Now we can try to find the timestamps for a test sentence.
- to do so, we convert a sentence into a string of only letters 
- do the same with the full text 
- find the start and end index of the sentence

In [214]:
#test sentence = 1. It starts at line 1 and ends in the middle of line 3 
test_sentence = str(sentences[1])
test_letters = remove_punctuation_and_whitespaces(test_sentence)
print(test_sentence)
print(test_letters)

Hey, 1440 is the number that can change your life, and that number is the number of minutes we all have in a single day.
Hey1440isthenumberthatcanchangeyourlifeandthatnumberisthenumberofminutesweallhaveinasingleday


In [215]:
all_letters = ""
for i in line_dict:
    all_letters += line_dict[i]["letters"]
print(all_letters)    

GoldennuggetnumberonetimeisyourmostvaluableandscarcestresourceHey1440isthenumberthatcanchangeyourlifeandthatnumberisthenumberofminutesWeallhaveinasingledayandwhileyouknowmostofthepeoplethatIinterviewedThey'renotalldoingthesame15secretseitherThecommonthreadwasthattheyalwaysspokeaboutminutesinthevalueoftimeandwhenyoutrulyrealizeWhatlikejusthowvaluableasingleminuteisImeanmoneywecanloseitandmakeitbackagainourhealthWecangetsickandgethealthyagainTimeonceit'sgoneItisgonetimeislife


In [None]:
index_start_letter = all_letters.lower().index(test_letters.lower())
index_end_letter = index_start_letter +  len(test_letters)

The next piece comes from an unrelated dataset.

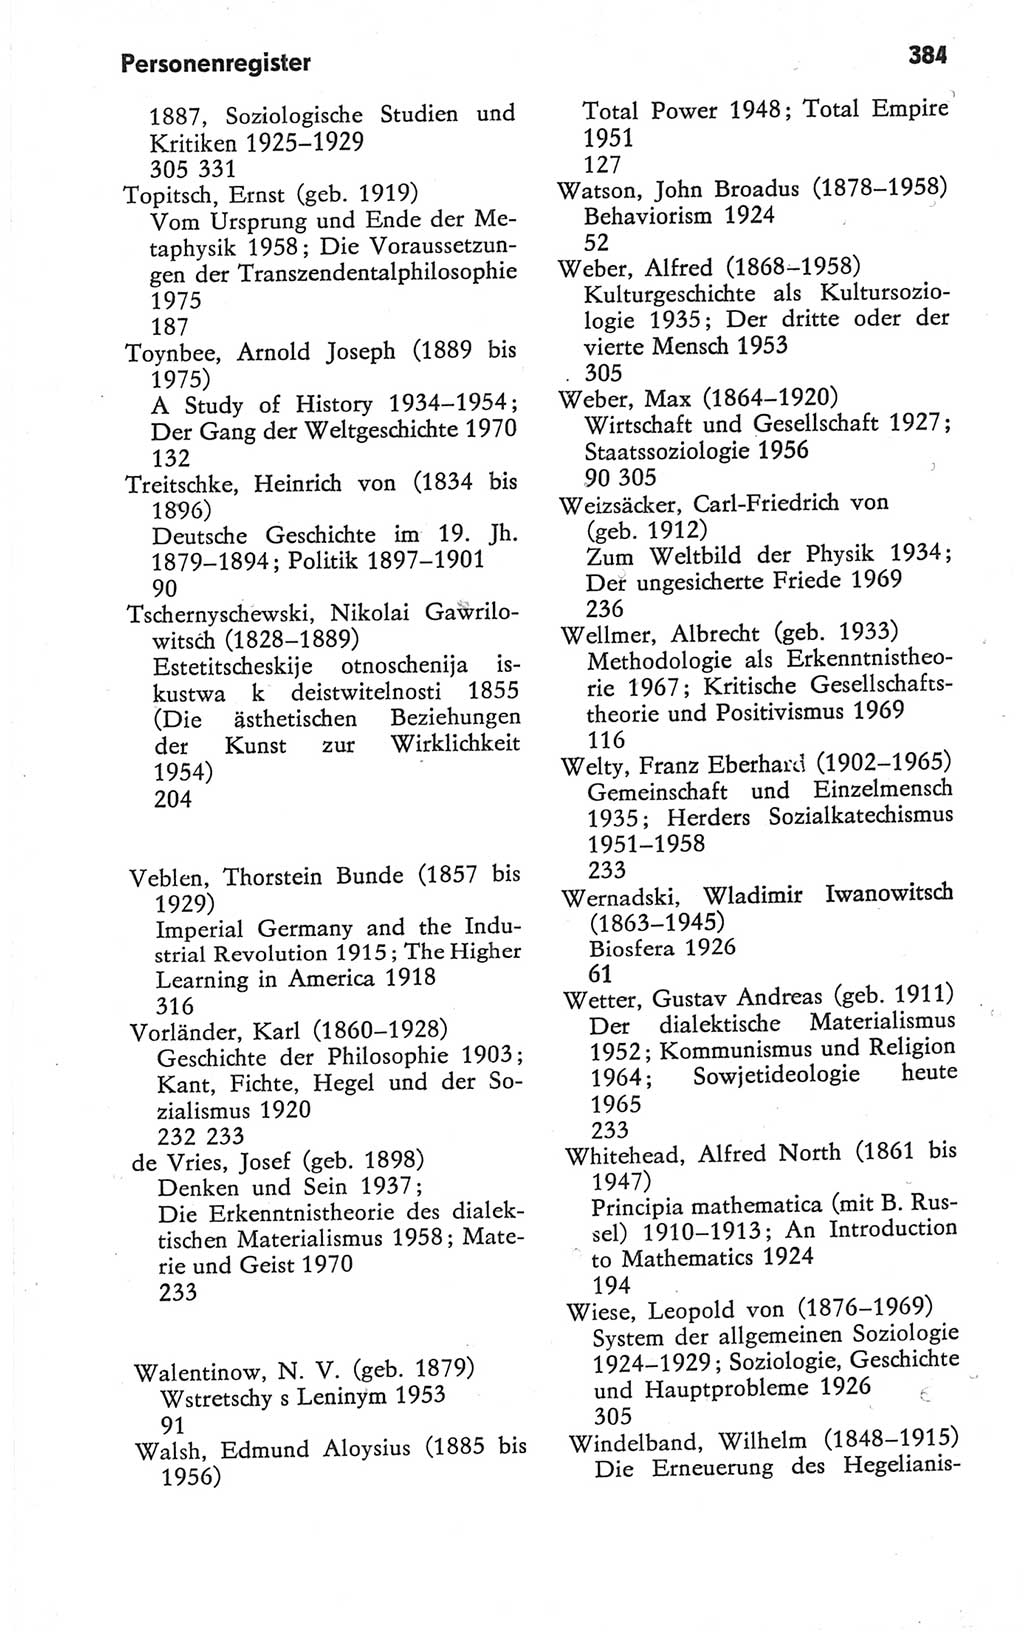 Kleines Wörterbuch der marxistisch-leninistischen Philosophie [Deutsche Demokratische Republik (DDR)] 1979, Seite 384 (Kl. Wb. ML Phil. DDR 1979, S. 384)

print("start index: ", index_start_letter)
print("end index: ", index_end_letter)

### Now we need to find the start index and the end index in the line dict. 
- Per text piece, we collect the following information:
    - start_time_first_line: the start time of the line, that contains the beginning of the text piece
    - end_time_last_line: the end time of the line, that contains the end of the text piece
    - interpolated_start_time: the estimated start time of the sentence calculated by interpolation. 
    - interpolated_end_time: the estimated end time of the sentence calculated by interpolation.
- The estimated start and end times are probably this is not neccesarry, as the lines only contain a few seconds of text.

In [None]:
#The idea of the following code is the following:
# - iterate over the line, till you find the line with the start index
# - keep iterating until you find the line with the end index
# - return the timestamps of this lines
# - we also call interpolate_timestamp for the start and end line, to maybe find a even more exact time 
# - interpolate_timestamp works by calculating the average time per character


def get_timestamps(dictionary, start_index, end_index):
    start_time_first_line = None
    end_time_last_line = None

    for index, entry in dictionary.items():
        if entry['cum_number_of_letters'] >= start_index +1 and start_time_first_line is None:
            start_time_first_line, interpolated_start_time = interpolate_timestamp(entry, start_index, "start")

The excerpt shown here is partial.